Gov. Brad Little, center, discusses his recent trip to the southern border Thursday morning at the Pocatello Idaho State Police district office with Cpl. Jared Shively, left, and Sgt. Curt Sproat, right.

POCATELLO — Gov. Brad Little believes a Border Patrol map he saw depicting the flow of Mexican drugs into the U.S. illustrated why it was necessary for a state abutting Canada to take action at the southern border.

“One of the maps up on the wall showed an arrow going right to Pocatello, Idaho, from down there,” Little said.

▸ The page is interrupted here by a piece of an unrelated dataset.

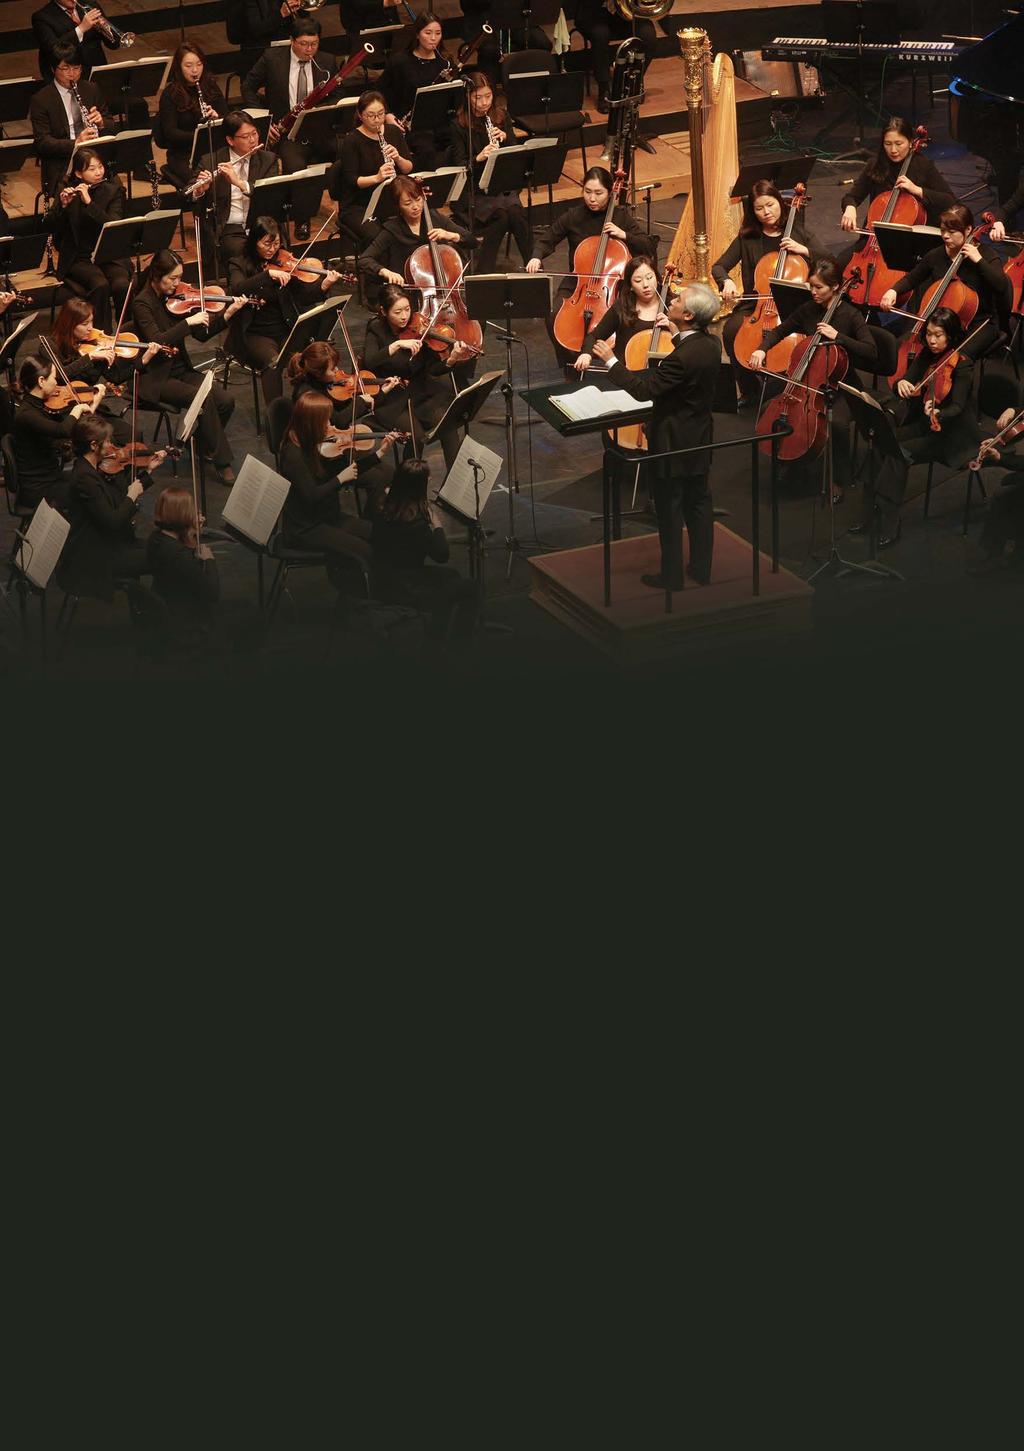 하반기프로그램북 창원시립교향악단 창원시립교향악단 Changwon Philharmonic Orchestra 창원시립교향악단은 2010년 7월통합창원시로출범됨에따라 2012년부터새롭게탄생한한국최초의통합교향악단이다.

Thursday morning at the Idaho State Police district office in Pocatello, Little spoke about his recent trip to see the situation at the southern border in person, as well as his decision to send five ISP troopers to aid in border law enforcement in July. The governor was joined during the conference by Cpl. Jared Shively and Sgt. Curt Sproat, who were among the ISP officials deployed to the border for three weeks to assist Arizona law enforcement.

Little said Idaho’s mounting struggles with methamphetamine and fentanyl are directly tied to policies at the border. He was among 26 governors who drafted a list of 10 “policy solutions” that the Biden Administration could take to improve conditions at the border without having to pass legislation.

“The border crisis really affects all of us, particularly in the distribution and trafficking of narcotics. Idaho’s growing drug trend is a direct consequence of a loose border with Mexico,” Little said. “... Of the drug trafficking organizations investigated last year, 96 percent identified Mexico as the source country for drugs trafficked into the region.”

Little believes the ISP team made a significant difference and returned with knowledge of tactics and equipment that will be put to use in keeping drugs off of Idaho streets.

“Arizona State Police tell us the work they did at the border made a difference, and (Arizona Gov. Doug) Ducey confirmed that,” Little said.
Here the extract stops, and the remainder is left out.